Можно представить, каково было бы действовать таким пистолетом в условиях схватки в воздухе, а не в спокойной обстановке криминалистической экспертизы. Но ни в суде, ни в прессе не было сказано ни слова об этих качествах пистолета, того самого, который был едва виден на ладони Марка Дымшица, когда Марк показал мне его в парадном моего дома еще полгода тому назад. За всю свою длинную жизнь, с момента его изготовления в Бухаре и до самой экспертизы, пистолетик произвел всего один выстрел. Марк опробовал его на Алиной гладильной доске. Я не знаю, пробила ли пулька калибра 5,56 мм гладильную доску во время испытания. Но когда я получил возможность читать газеты и впервые прочел о банде рецидивистов, вооруженных «огнестрельным оружием, топорами, кастетами, веревками, кляпами», даже я не мог представить себе, о чем идет речь. О великий, могучий и гибкий русский язык, недаром восхищался тобой Тургенев, как удобен ты для тех, кто хочет быть правдивым по форме и лгать по существу…

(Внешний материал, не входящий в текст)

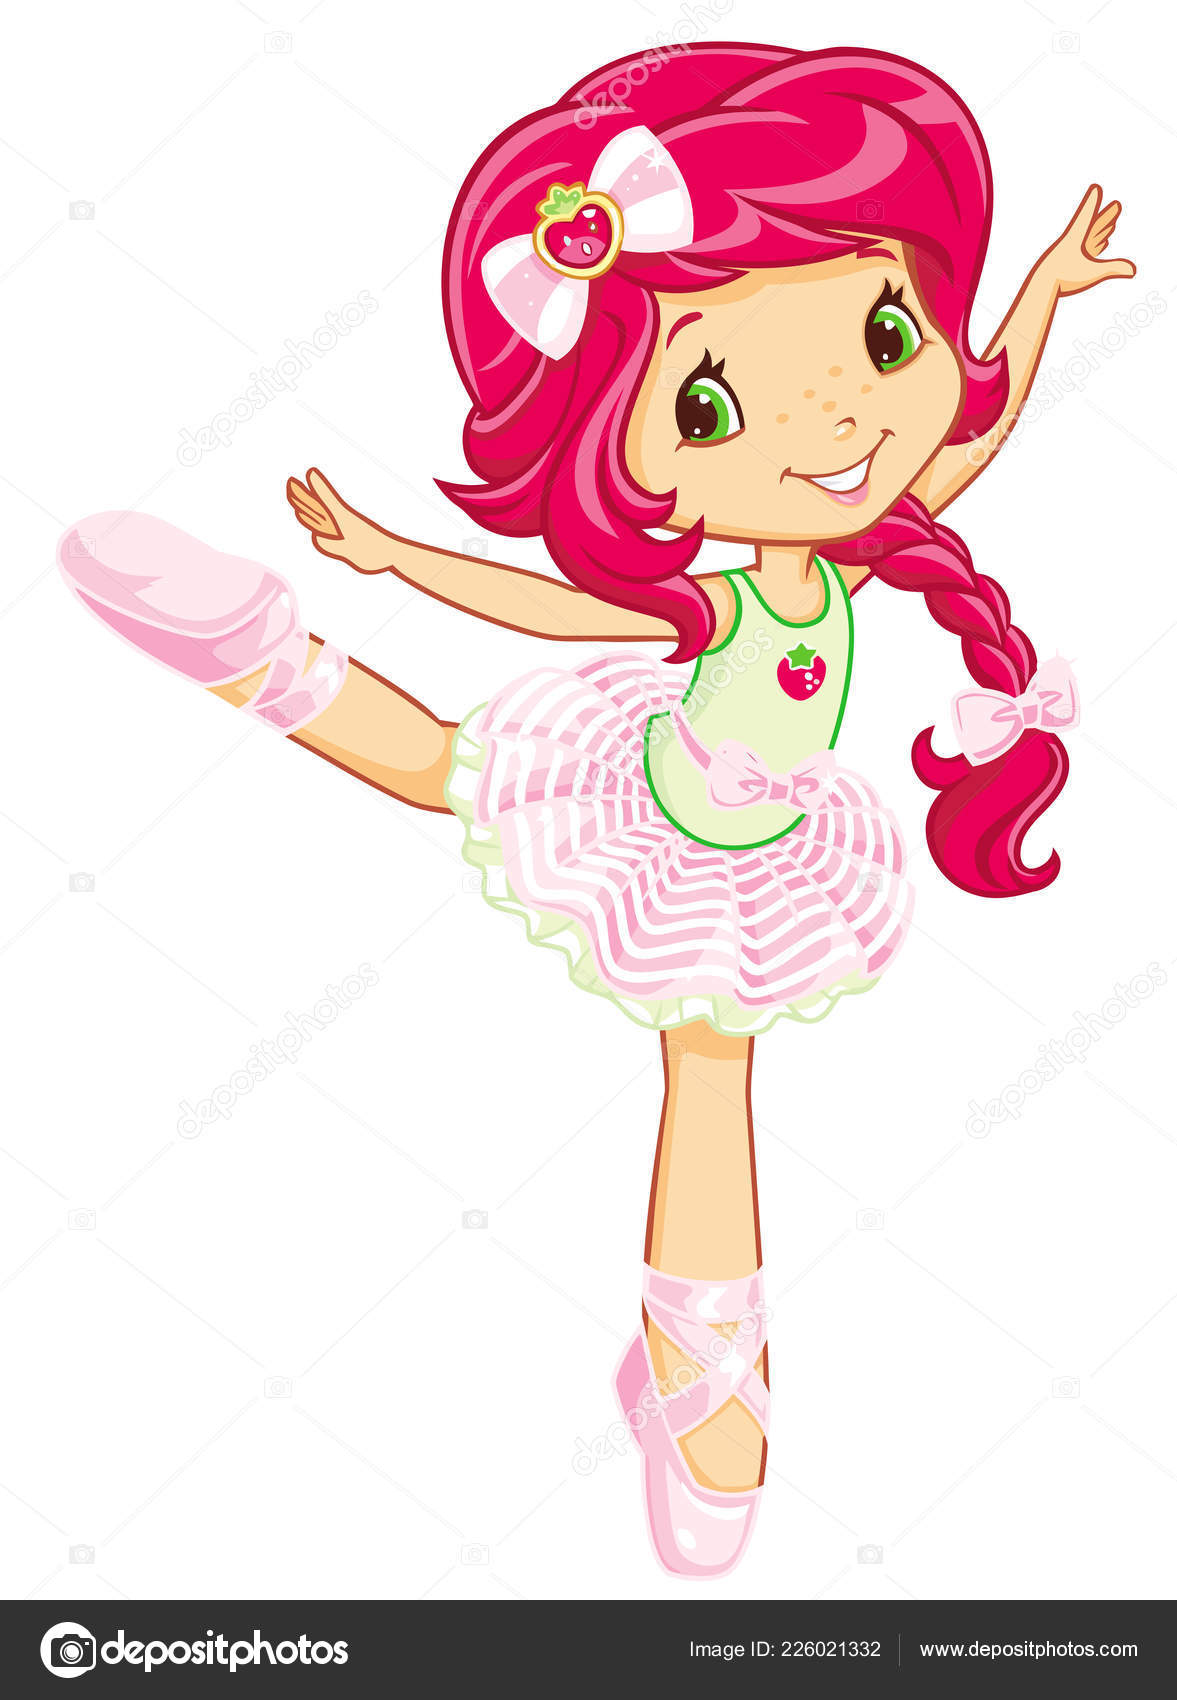 Images Strawberry Shortcake Cartoon Characters Strawberry

Выражение «огнестрельное оружие» не имеет в русском языке числа и обычно перед взором читателя представляется гора автоматов, револьверов, гранат, но этот оборот может быть теоретически применим и к единственному пистолетику, способному произвести единственный выстрел. Слово «кастет» имеет в Русском языке четкое единственное число – и один кастет, отлитый Сильвой по чертежу Эдика, в группе действительно был, – поэтому советской прессе пришлось применить литературный прием, чтобы до читателя этот кастет дошел во множественном числе. Кстати, это «нееврейское» оружие было группе ни к чему, оно было взято на всякий случай в порядке импровизации, но кастет был, и из песни слов не выкинешь. Были и веревки, и туристский топорик – ребята исходили из возможности вынужденной посадки в Северной Финляндии, если не хватит горючего и придется пробираться по лесам к шведской границе. Если к «огнестрельному оружию, топорам и кастетам» прибавить их носителей, «нигде не работающих рецидивистов-уголовников», то можно представить ужас даже еврейского читателя в Советском Союзе. Ведь он, читатель, не знал, что уголовниками в СССР считаются все: и тот, кто вышел на большую дорогу с ломом в руках поохотиться ночью на прохожих, и тот, кто вышел на Красную площадь с транспарантами «Руки прочь от Чехословакии» после того, как колонны советских танков превратили бурную чехословацкую весну в лютую русскую зиму. Ему, читателю, было невдомек, что «нигде не работающие паразиты» с еврейскими фамилиями в большинстве своем начали работать еще мальчишками и ушли с работы только накануне операции и лишь ради нее. Лишь потом, через полгода, когда тиски страха и отчаяния начнут постепенно разжиматься, многие в СССР назовут этих парней с гордостью «наши ребята». И слово «наши» будет лучшей наградой для тех, кого со всех концов Ленинграда повезут в этот день в «Большой дом» черные «Волги».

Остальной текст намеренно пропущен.